Cholinesterase inhibitors based on phosphorus (OPI) are frequently used as insecticides in agriculture, industrial chemicals and some of these inhibitors with extremely high toxicity are called nerve agents. Nerve agents can be misused as chemical weapons or by terrorist groups. The mechanism of action of organophosphorus nerve agents (their toxicodynamics) is well known: irreversible inhibition of the enzyme acetylcholinesterase (AChE, EC 3.1.1.7) [1]. The inhibitory effect is based on phosphorylation or phosphonylation of serine hydroxyl group at the ester part of ChE active site of the enzyme [2].

The standard treatment of OPI intoxication usually consists of administration of anticholinergic drug (e.g. atropine) in combination with oximes. Anticholinergic drugs block effects of overstimulation caused by accumulated acetylcholine at peripheral muscarinic receptors while oximes, compounds with nucleophilic activity, repair the enzyme by dephosphorylation and restoring ChE’s activity [3]. However, the efficacy of commonly used oxime reactivators is still not sufficient [4].

Cyclosarin (GF agent; O-cyclohexyl-N,N-methyl phosphonofluoridate, Figure 1) belongs to a group of nerve agents or military importance that could be misused.
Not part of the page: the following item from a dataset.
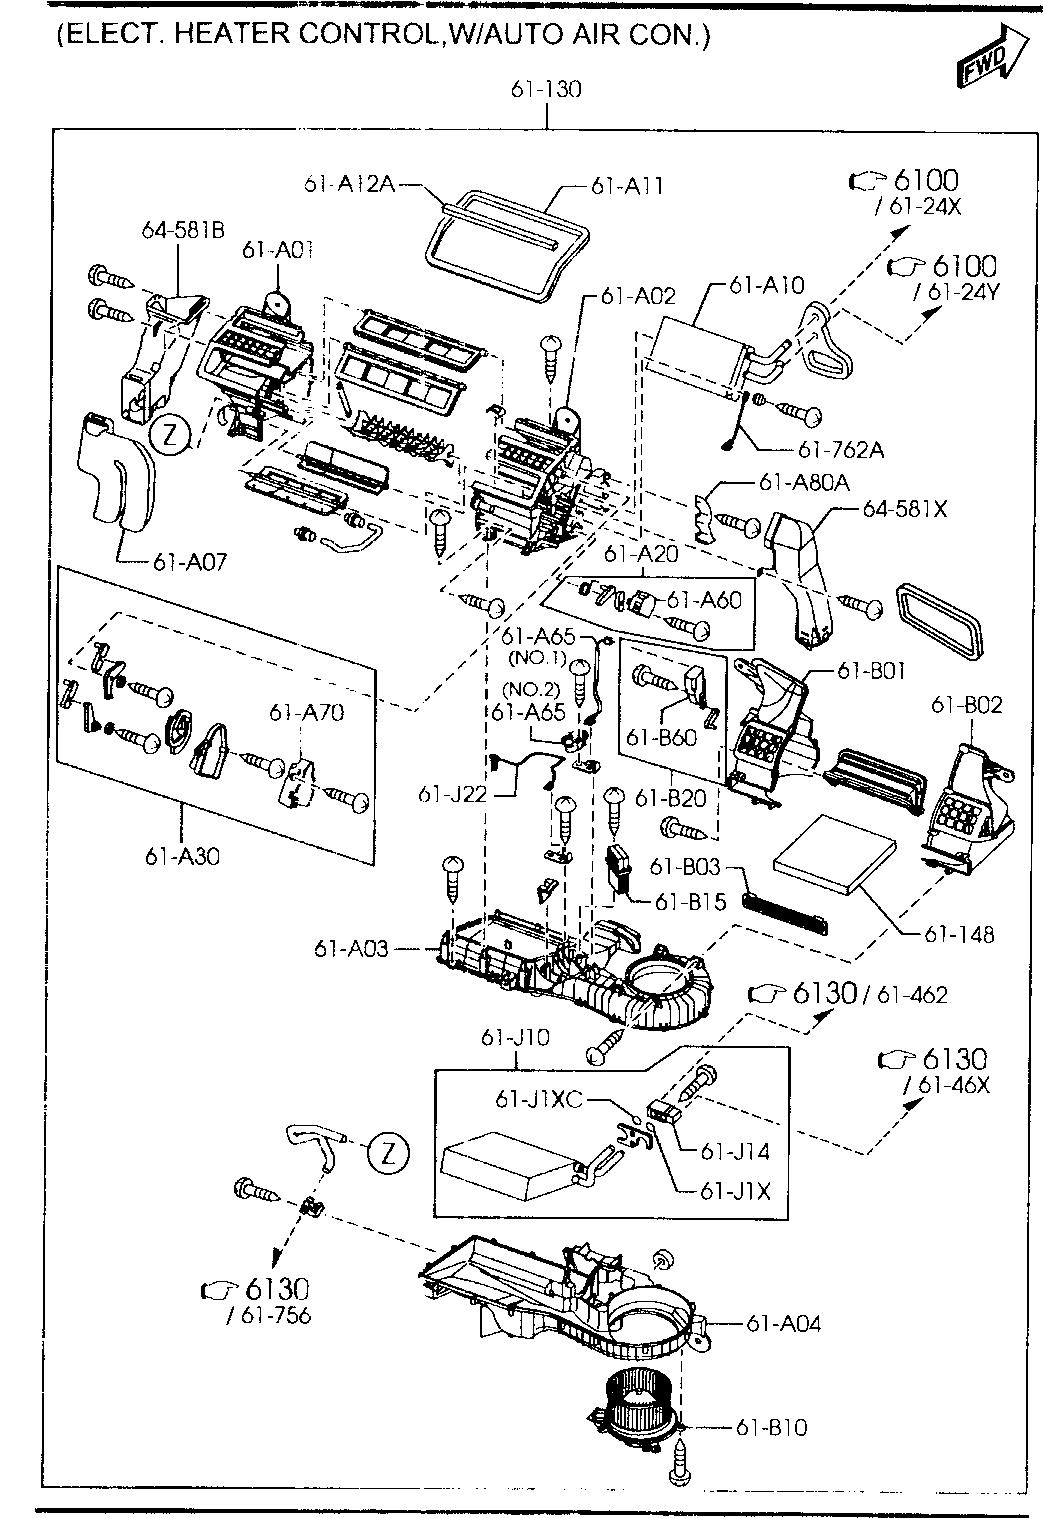 Thermal Evaporator Replacement Parts Mazda GK3J-61-J22 A/C

The nerve agent cyclosarin has been examined to a minor extent compared to other nerve agents, e.g. sarin and soman. One reason is that this nerve agent was not regarded as a high priority chemical warfare agent until it was found to be stockpiled by Iraq in the early 1990s [5]. Commonly used bisquaternary reactivators (obidoxime, trimedoxime) of AChE are not able to counteract the toxic effect of cyclosarin because of their very low reactivating efficacy [6].
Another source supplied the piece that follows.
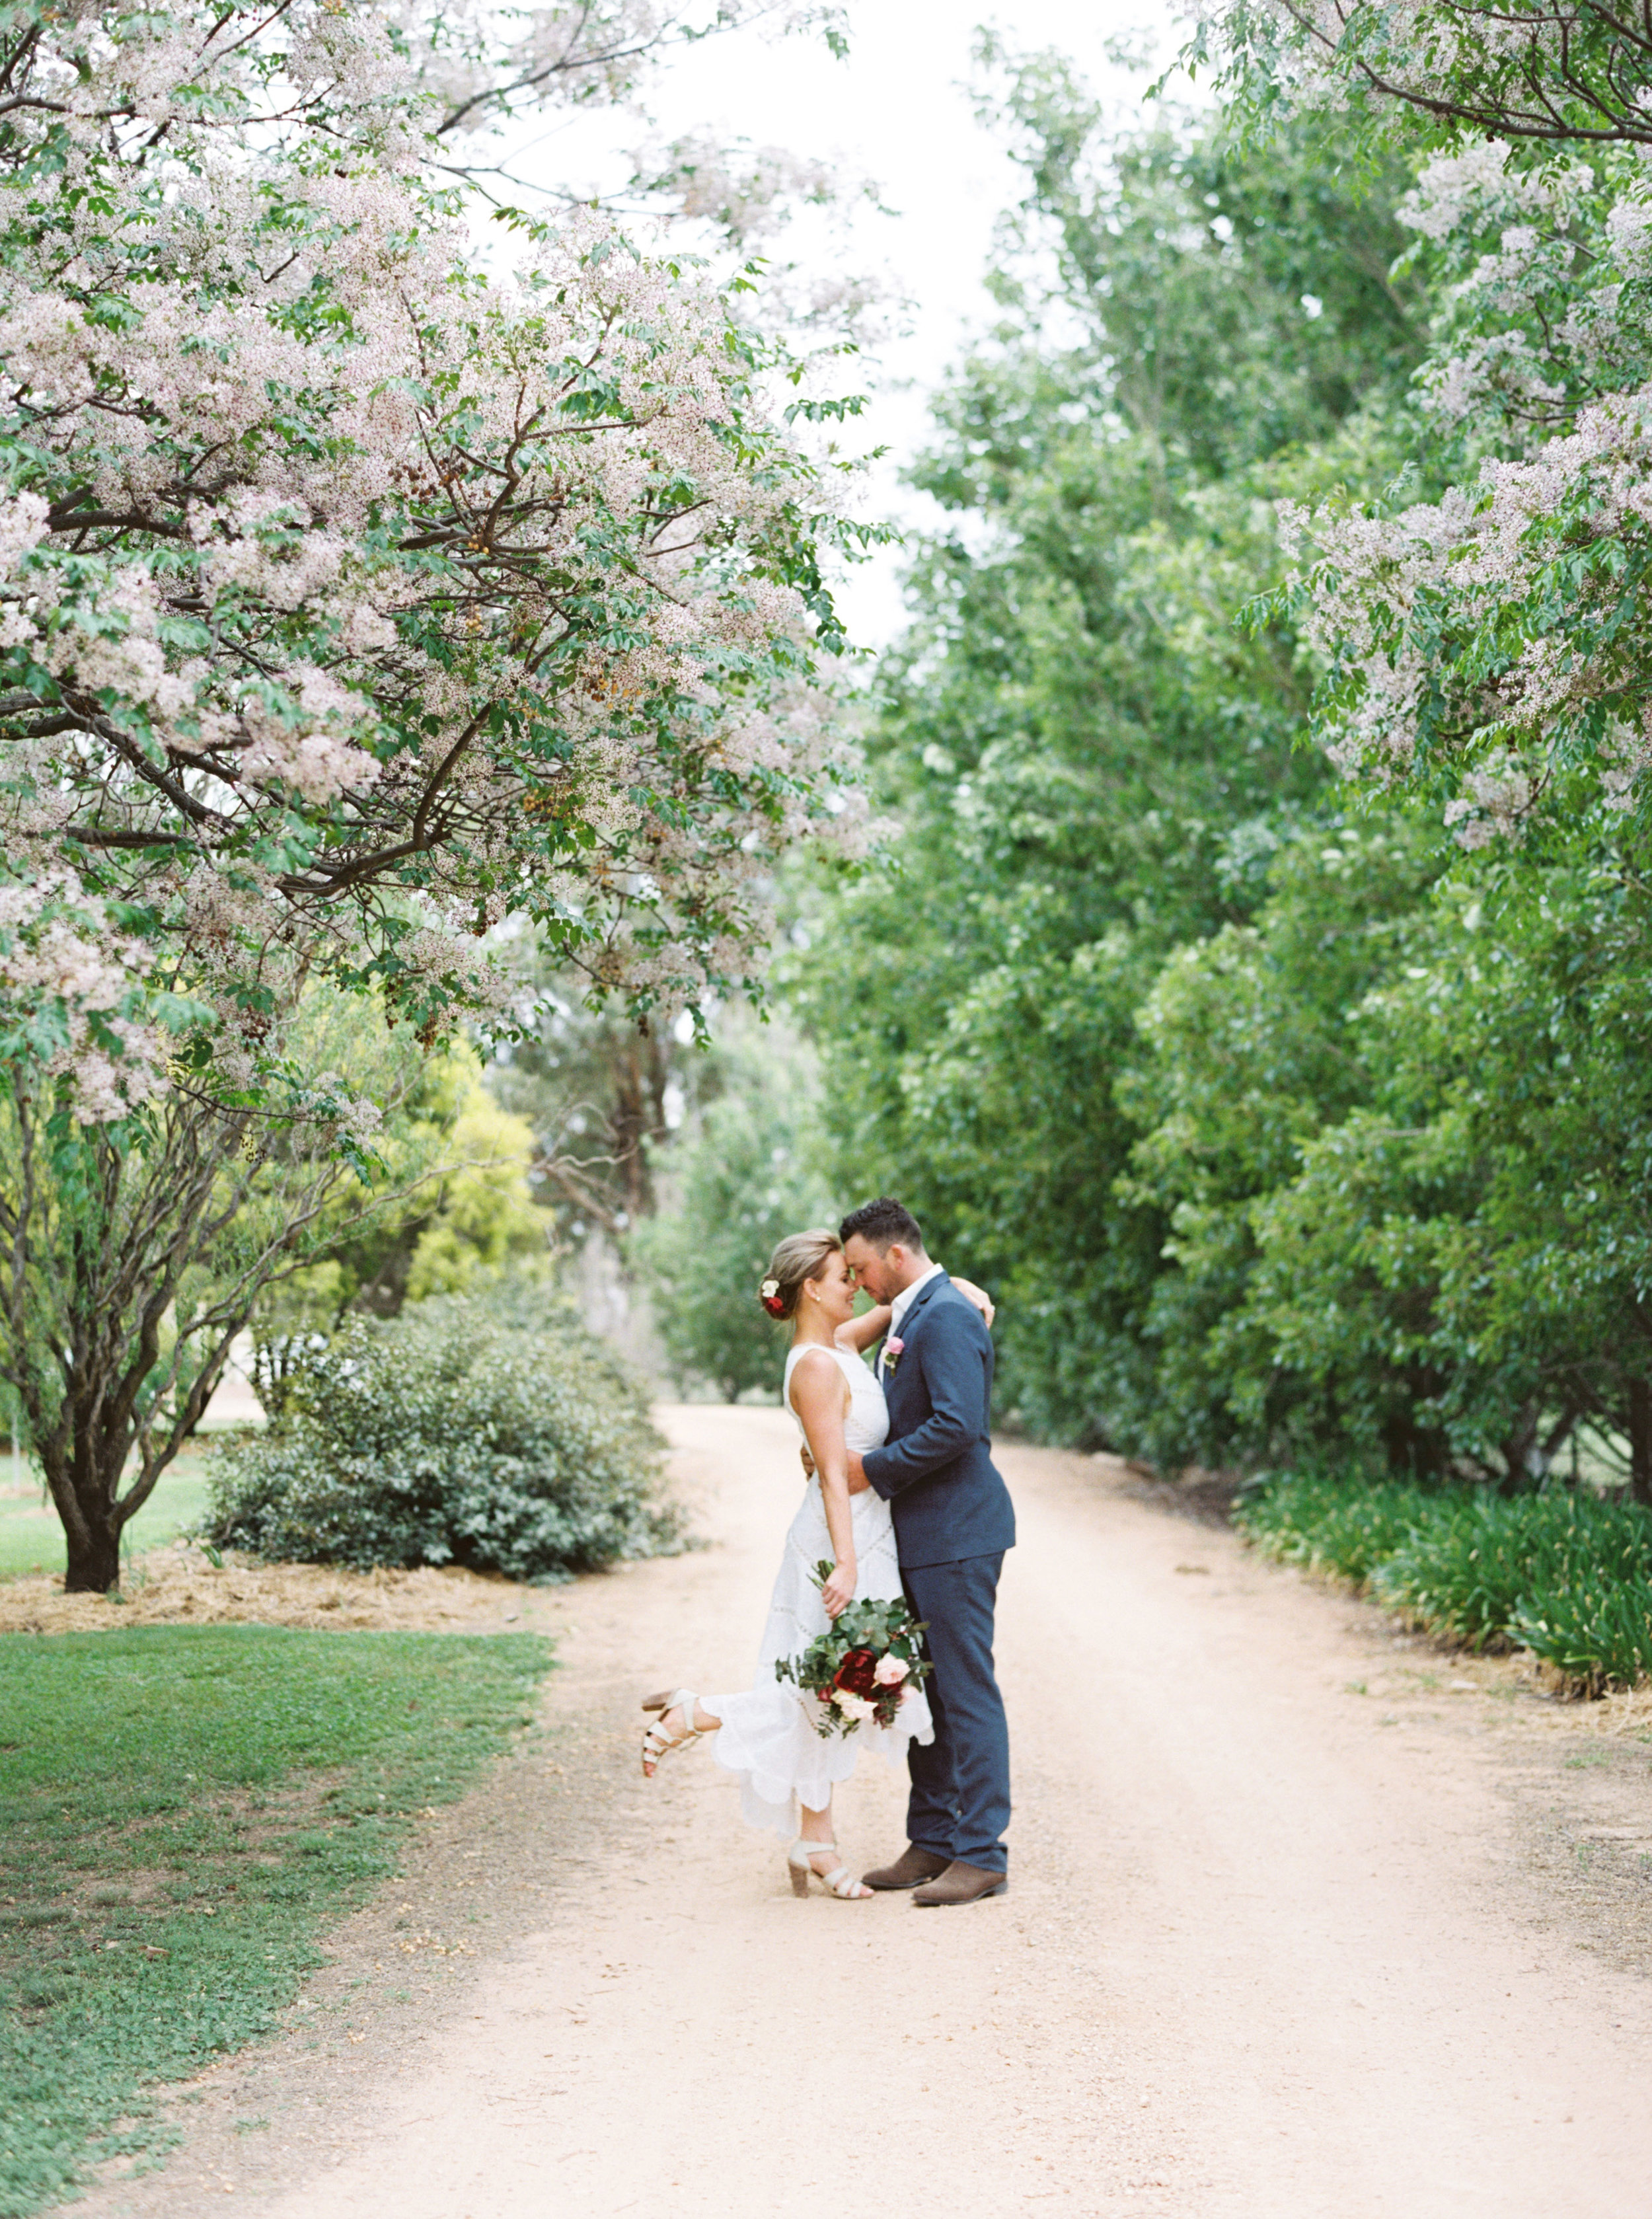 00039- Fine Art Film NSW Wedding Photographer Australia Sheri McMahon.jpg

There are many important structural factors which can influence the reactivation potency of oximes [7,8]. The developments of new and more effective AChE reactivator still continue. For these reasons, seven new reactivators of cyclosarin-inhibited ChE (K206, K269, K203, K075, K074, K027, K156) have been synthesized [9,10] to increase the reactivating efficacy of antidotal treatment of poisoning by this nerve agent. The aim of this study was to evaluate in vivo antidotal effects of currently available oximes (obidoxime, trimedoxime, HI-6) and the seven newly synthesized oximes in combination with atropine (commonly used anticholinergic drug) in cyclosarin-poisoned rats (Figure 2). Syntheses as well as analyses of these reactivators were published formerly [914].
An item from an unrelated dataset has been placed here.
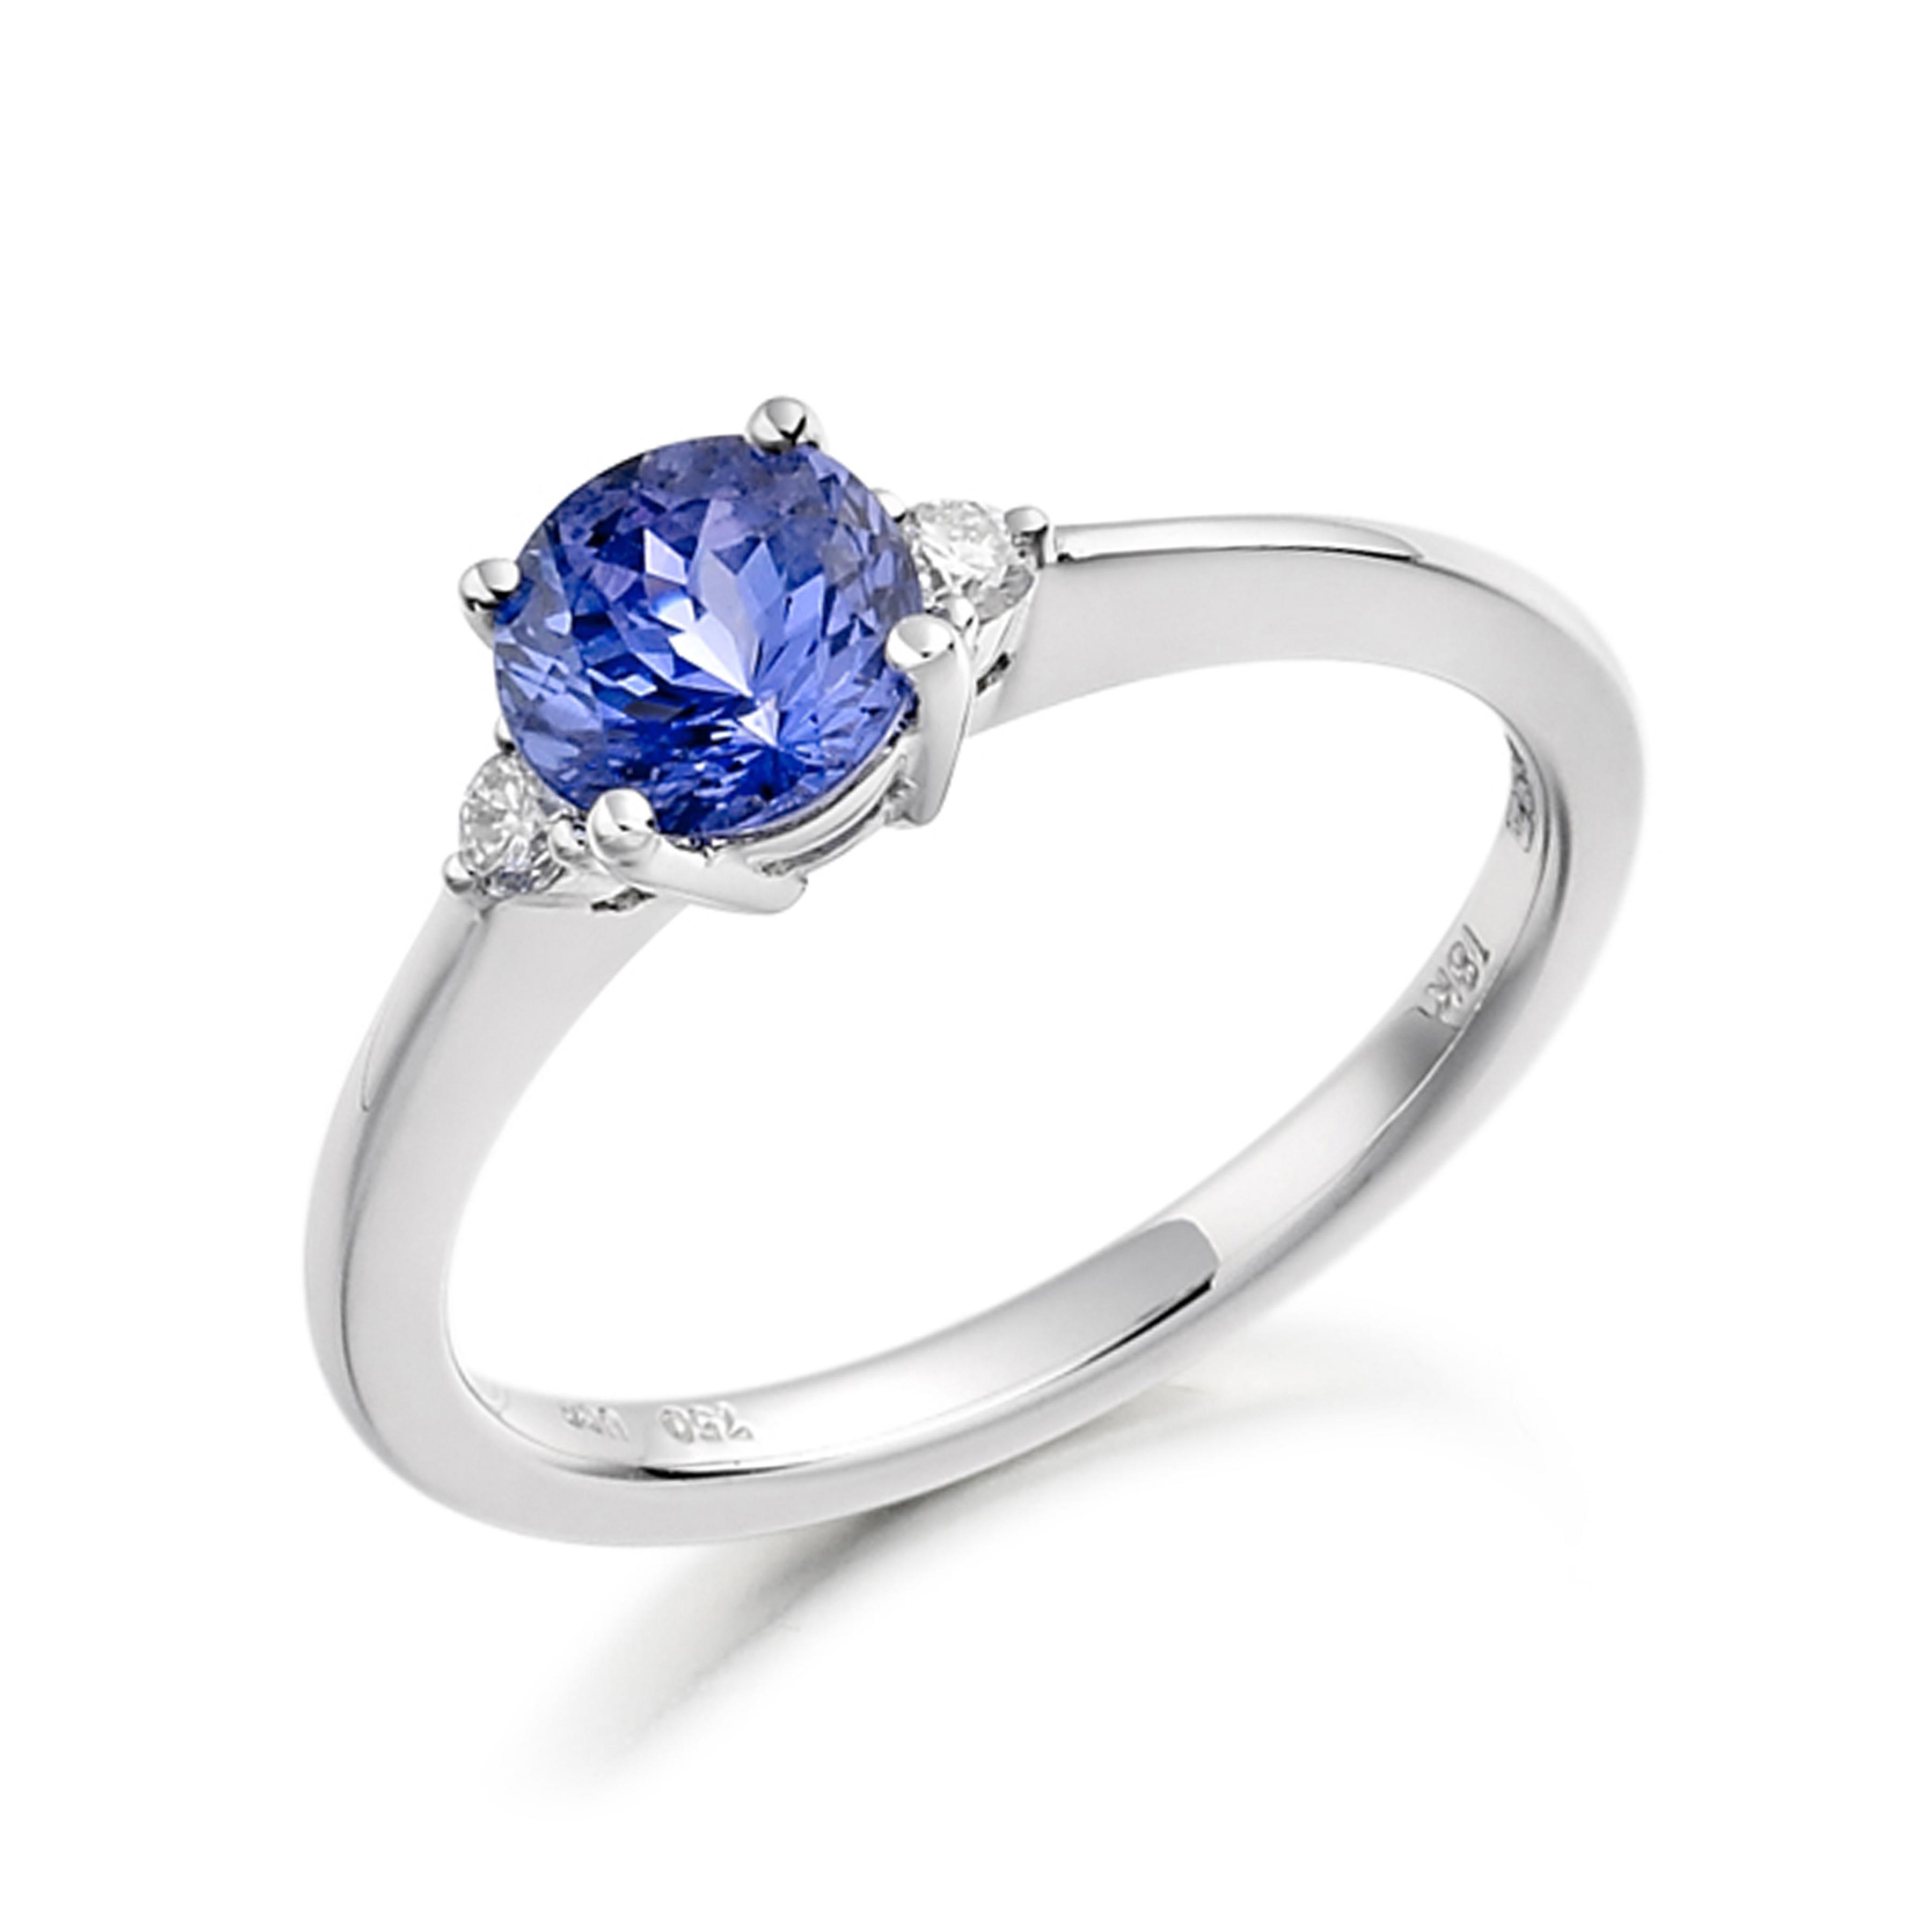 Milligrain Halo Diamond Cluster Diamond Ring (8.0mm)

The other aim of this study was to compare antidotal effects of these compounds against cyclosarin-inhibited butyrylcholinesterase (BChE; EC 3.1.1.8). BChE is in plasma and also in brain. These in vivo data could be useful for preparation of an effective pretreatment therapy including administration of pseudo-catalytic bioscavenger.

2. Results and Discussion

No symptoms of intoxication are manifest if AChE activity is decreased by about 20–30 % compared to normal AChE activity. The depression about 30–50 % is accompanied by muscarinic symptoms of intoxication. The subsequent depression about 50–70 % of original AChE activity is characterized by muscarinic, nicotinic and also central symptoms. Finally, inhibition under a 20 % limit leads to death of the intoxicated organism. If reactivation of inhibited AChE is considered, increase in reactivation to more than 10 % may save the life of intoxicated organism and can reduce toxic symptoms.

The baseline AChE activity in blood was 13.15 ± 0.881 μcat/mL. Cyclosarin intoxication produced strong depression of AChE activity in blood. The activity decreased approximately to the one third of original activity (33%). Among the currently available oximes, HI-6 (40%) was found to be the best reactivator of the cyclosarin-inhibited AChE. If other commercial oximes are considered, the better one seems to be trimedoxime (22%) followed obidoxime (6%). From the group of the newly synthesized oximes, the best result was found after administration of K203 (7%). All other oximes, except oxime K156 (5%) were ineffective. Results are summarized in Figure 3.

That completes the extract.